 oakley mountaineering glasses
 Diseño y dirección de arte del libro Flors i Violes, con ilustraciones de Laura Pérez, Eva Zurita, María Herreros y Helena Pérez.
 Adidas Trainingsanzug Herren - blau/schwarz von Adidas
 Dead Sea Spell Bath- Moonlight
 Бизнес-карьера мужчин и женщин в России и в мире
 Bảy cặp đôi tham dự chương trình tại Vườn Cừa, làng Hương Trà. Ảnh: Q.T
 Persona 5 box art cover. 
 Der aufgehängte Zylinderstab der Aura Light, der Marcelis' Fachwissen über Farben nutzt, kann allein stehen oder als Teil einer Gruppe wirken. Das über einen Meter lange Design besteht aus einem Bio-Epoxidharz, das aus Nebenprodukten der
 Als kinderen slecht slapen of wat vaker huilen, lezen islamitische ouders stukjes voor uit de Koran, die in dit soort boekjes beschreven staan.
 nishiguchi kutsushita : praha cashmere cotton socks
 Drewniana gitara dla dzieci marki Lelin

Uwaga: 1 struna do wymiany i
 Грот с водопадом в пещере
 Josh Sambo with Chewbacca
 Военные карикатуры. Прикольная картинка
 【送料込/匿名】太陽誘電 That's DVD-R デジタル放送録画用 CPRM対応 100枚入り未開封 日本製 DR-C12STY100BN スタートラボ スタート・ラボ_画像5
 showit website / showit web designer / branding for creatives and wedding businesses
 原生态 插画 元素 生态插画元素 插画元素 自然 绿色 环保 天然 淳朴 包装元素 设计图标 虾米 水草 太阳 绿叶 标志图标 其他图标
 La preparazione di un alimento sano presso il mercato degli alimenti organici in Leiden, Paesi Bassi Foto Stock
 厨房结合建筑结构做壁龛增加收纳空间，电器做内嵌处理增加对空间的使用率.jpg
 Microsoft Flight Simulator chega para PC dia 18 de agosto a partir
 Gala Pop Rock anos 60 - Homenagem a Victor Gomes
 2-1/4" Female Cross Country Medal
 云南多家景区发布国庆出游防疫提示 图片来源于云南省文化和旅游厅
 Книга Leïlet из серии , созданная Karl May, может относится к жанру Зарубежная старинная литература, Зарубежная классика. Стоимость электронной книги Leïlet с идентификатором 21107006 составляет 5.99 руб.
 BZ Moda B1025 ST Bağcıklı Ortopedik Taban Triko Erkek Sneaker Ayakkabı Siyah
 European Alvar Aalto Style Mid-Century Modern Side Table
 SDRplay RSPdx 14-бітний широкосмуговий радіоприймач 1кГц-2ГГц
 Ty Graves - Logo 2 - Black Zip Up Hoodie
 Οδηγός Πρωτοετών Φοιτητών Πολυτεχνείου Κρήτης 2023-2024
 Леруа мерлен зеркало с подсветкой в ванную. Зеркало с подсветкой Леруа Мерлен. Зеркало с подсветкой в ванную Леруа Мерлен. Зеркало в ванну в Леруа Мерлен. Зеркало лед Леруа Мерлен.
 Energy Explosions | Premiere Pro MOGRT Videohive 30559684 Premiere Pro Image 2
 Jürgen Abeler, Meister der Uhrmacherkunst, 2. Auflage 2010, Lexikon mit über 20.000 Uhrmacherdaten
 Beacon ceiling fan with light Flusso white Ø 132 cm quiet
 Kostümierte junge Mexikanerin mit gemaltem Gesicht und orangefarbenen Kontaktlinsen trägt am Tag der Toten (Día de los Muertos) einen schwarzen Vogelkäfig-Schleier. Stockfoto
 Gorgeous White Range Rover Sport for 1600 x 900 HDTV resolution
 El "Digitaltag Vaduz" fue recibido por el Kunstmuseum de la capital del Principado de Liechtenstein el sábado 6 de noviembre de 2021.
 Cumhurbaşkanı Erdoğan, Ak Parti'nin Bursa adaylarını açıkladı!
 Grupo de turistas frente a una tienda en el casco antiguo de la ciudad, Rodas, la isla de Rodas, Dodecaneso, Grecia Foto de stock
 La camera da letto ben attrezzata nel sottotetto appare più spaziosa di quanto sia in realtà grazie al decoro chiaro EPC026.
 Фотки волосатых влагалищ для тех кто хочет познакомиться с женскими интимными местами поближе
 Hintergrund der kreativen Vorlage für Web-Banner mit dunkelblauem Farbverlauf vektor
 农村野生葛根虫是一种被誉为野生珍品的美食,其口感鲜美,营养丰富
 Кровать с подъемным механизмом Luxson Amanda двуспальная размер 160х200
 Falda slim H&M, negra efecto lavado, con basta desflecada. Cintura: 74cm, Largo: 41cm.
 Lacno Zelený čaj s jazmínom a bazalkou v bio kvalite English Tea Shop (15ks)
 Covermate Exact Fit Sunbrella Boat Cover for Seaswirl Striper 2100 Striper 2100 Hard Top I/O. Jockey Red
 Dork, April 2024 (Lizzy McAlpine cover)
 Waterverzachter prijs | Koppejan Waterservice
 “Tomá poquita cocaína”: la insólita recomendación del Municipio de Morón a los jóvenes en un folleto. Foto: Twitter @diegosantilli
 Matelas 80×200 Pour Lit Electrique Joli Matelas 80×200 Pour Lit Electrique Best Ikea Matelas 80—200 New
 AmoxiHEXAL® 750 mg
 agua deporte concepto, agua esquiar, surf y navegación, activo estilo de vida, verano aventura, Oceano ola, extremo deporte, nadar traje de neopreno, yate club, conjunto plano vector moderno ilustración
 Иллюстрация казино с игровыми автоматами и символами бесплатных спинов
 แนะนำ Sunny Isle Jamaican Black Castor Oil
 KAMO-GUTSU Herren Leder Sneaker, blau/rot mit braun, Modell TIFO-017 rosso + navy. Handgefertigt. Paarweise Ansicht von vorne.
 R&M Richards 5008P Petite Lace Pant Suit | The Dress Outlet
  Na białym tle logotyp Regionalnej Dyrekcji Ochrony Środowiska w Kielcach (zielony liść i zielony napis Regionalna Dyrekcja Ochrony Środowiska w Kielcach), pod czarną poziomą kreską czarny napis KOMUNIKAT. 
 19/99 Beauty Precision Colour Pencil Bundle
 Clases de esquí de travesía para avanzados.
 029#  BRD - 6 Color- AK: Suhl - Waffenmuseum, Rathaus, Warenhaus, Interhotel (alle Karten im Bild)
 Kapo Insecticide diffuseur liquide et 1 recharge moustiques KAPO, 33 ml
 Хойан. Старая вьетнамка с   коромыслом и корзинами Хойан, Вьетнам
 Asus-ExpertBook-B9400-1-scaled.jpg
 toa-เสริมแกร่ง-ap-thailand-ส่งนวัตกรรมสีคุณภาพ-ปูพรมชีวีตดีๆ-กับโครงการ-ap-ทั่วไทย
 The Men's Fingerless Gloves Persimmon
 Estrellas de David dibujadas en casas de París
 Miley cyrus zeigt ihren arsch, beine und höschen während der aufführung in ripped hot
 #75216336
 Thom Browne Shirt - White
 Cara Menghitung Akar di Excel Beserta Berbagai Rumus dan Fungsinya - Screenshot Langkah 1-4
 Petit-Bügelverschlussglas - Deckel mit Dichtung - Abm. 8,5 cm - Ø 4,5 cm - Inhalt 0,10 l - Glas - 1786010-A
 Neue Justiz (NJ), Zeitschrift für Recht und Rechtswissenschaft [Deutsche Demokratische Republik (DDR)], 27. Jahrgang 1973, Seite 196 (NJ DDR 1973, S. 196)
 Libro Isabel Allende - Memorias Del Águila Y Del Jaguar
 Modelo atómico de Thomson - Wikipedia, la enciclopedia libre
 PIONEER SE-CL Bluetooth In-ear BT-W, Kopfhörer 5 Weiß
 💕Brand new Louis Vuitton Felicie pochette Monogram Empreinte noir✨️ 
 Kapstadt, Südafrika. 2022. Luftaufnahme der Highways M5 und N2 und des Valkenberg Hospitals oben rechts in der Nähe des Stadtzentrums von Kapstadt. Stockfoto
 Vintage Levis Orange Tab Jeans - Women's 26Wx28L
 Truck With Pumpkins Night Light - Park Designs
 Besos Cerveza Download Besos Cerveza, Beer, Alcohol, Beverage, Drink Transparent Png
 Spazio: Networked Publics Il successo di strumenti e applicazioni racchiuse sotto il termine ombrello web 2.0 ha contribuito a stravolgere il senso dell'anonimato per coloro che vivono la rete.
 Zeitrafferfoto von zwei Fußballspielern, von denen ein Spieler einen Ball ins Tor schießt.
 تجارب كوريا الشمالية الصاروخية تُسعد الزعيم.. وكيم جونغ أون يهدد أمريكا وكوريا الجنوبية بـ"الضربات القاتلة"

****

WHAT YOU SHOULD DO => Starting with the line with "Hintergrund der kreativen" above and going on through the line with "Foto: Twitter @diegosantilli", transcribe every line exactly, both ends included, and add nothing.

COMPLETED EXERCISE =>
 Hintergrund der kreativen Vorlage für Web-Banner mit dunkelblauem Farbverlauf vektor
 农村野生葛根虫是一种被誉为野生珍品的美食,其口感鲜美,营养丰富
 Кровать с подъемным механизмом Luxson Amanda двуспальная размер 160х200
 Falda slim H&M, negra efecto lavado, con basta desflecada. Cintura: 74cm, Largo: 41cm.
 Lacno Zelený čaj s jazmínom a bazalkou v bio kvalite English Tea Shop (15ks)
 Covermate Exact Fit Sunbrella Boat Cover for Seaswirl Striper 2100 Striper 2100 Hard Top I/O. Jockey Red
 Dork, April 2024 (Lizzy McAlpine cover)
 Waterverzachter prijs | Koppejan Waterservice
 “Tomá poquita cocaína”: la insólita recomendación del Municipio de Morón a los jóvenes en un folleto. Foto: Twitter @diegosantilli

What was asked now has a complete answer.